When nights were endlessly snow filled and heavy with honeysuckle
This is a beautifully written, elegiac book, nodding both at Virginia Woolf and Michael Cunningham’s The Hours
Set during the course of one day in the present it largely focuses inside the dreamy, languid mind of family archivist Julia, and also dips backwards and forwards over more than a hundred years of her family history. Julia’s great-grand uncle, over a hundred years ago was a Polar explorer, and she is attempting to write his history and that of his wife, Emily. Later generations from Julia’s family also swim in and out of focus.
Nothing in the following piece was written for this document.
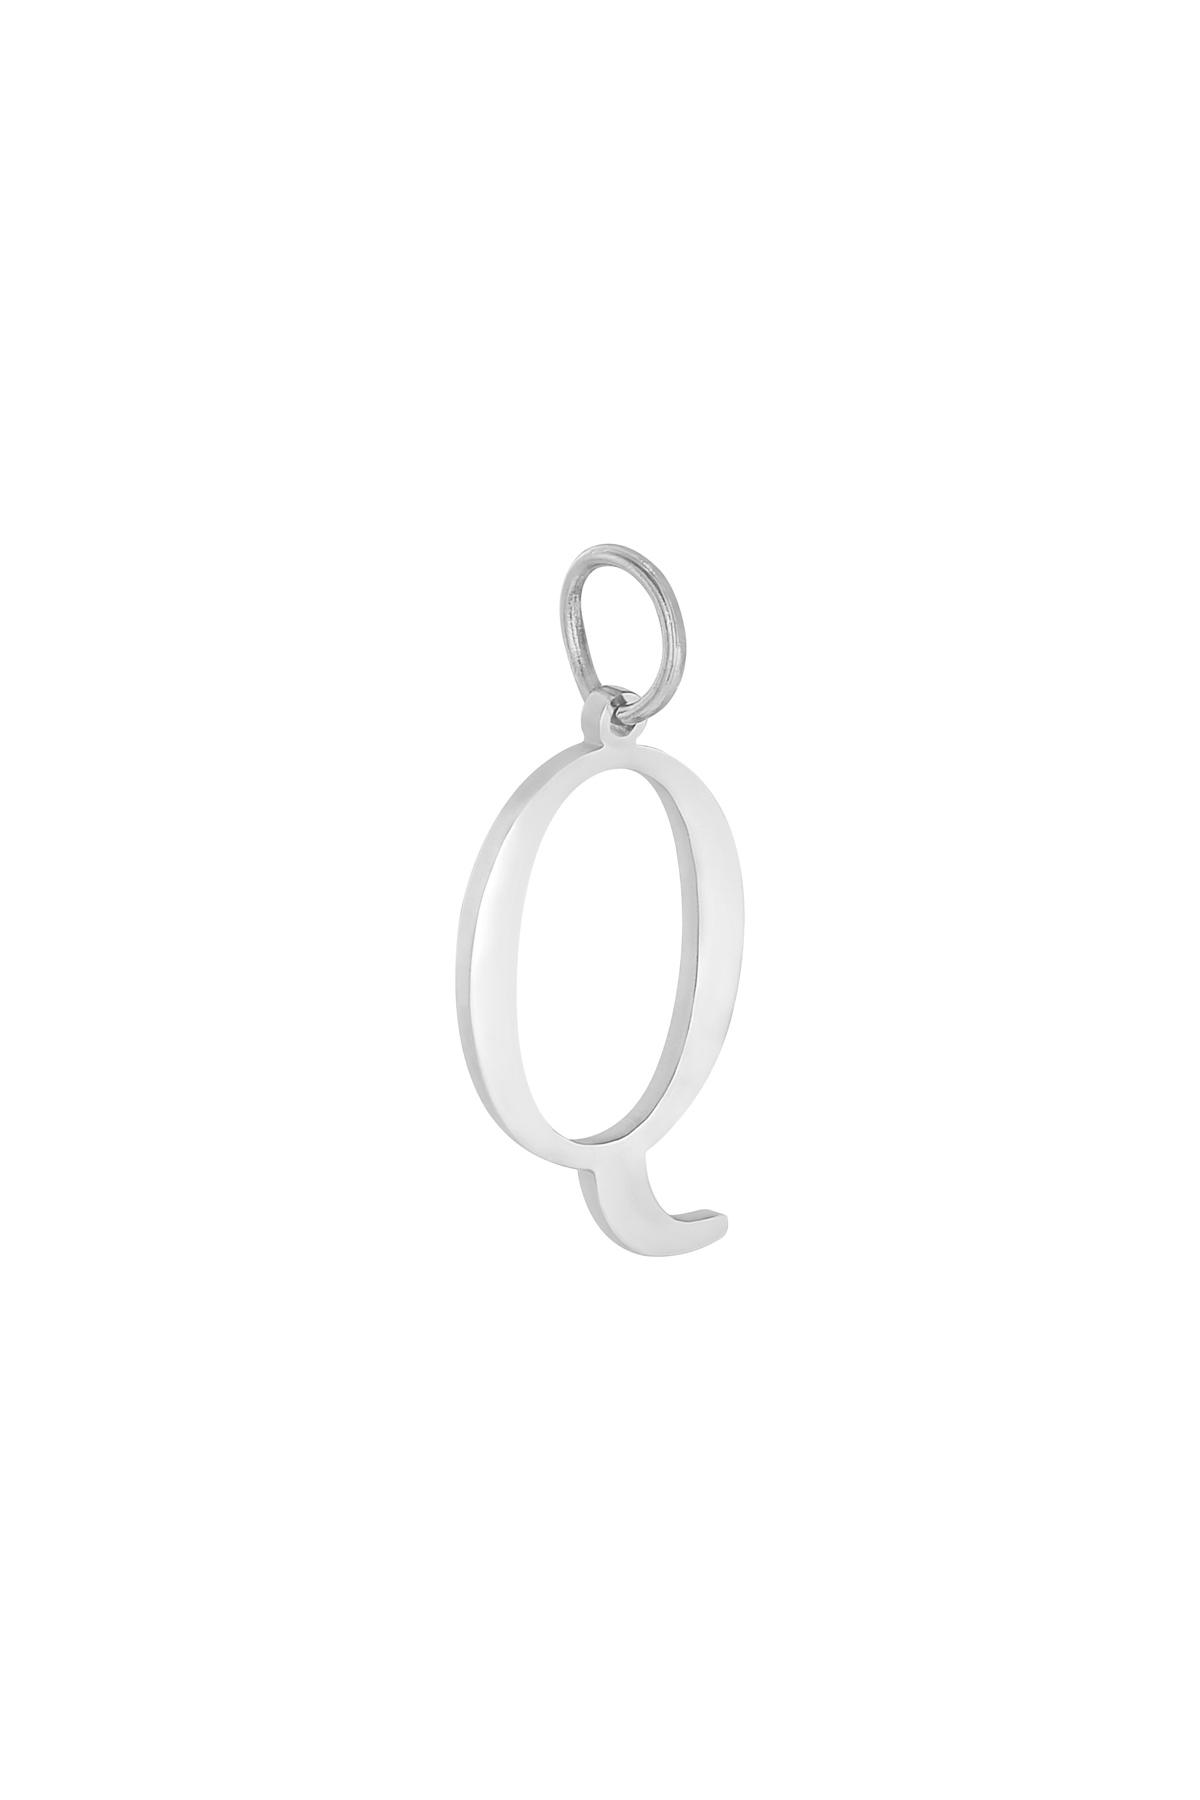 Silver / Charm Q Silver Stainless Steel Immagine22

Sackville has been compared to Rachel Cusk – I find her a much warmer and more tender writer. Her evocation of time and place, her inhabiting of the real visceral world, whether the freezing cruelty of that snowy landscape, the stultifying world of Edwardian womanhood, or the sensuous aromas of a cooking dinner, are beautiful and precise.
This is not a book at all for those wanting page turning plot-filled moments. Though there are some surprises along the way, the focus is on the interior stillness of isolation and connection whether from, and with, the other, or from and with the landscape and time itself.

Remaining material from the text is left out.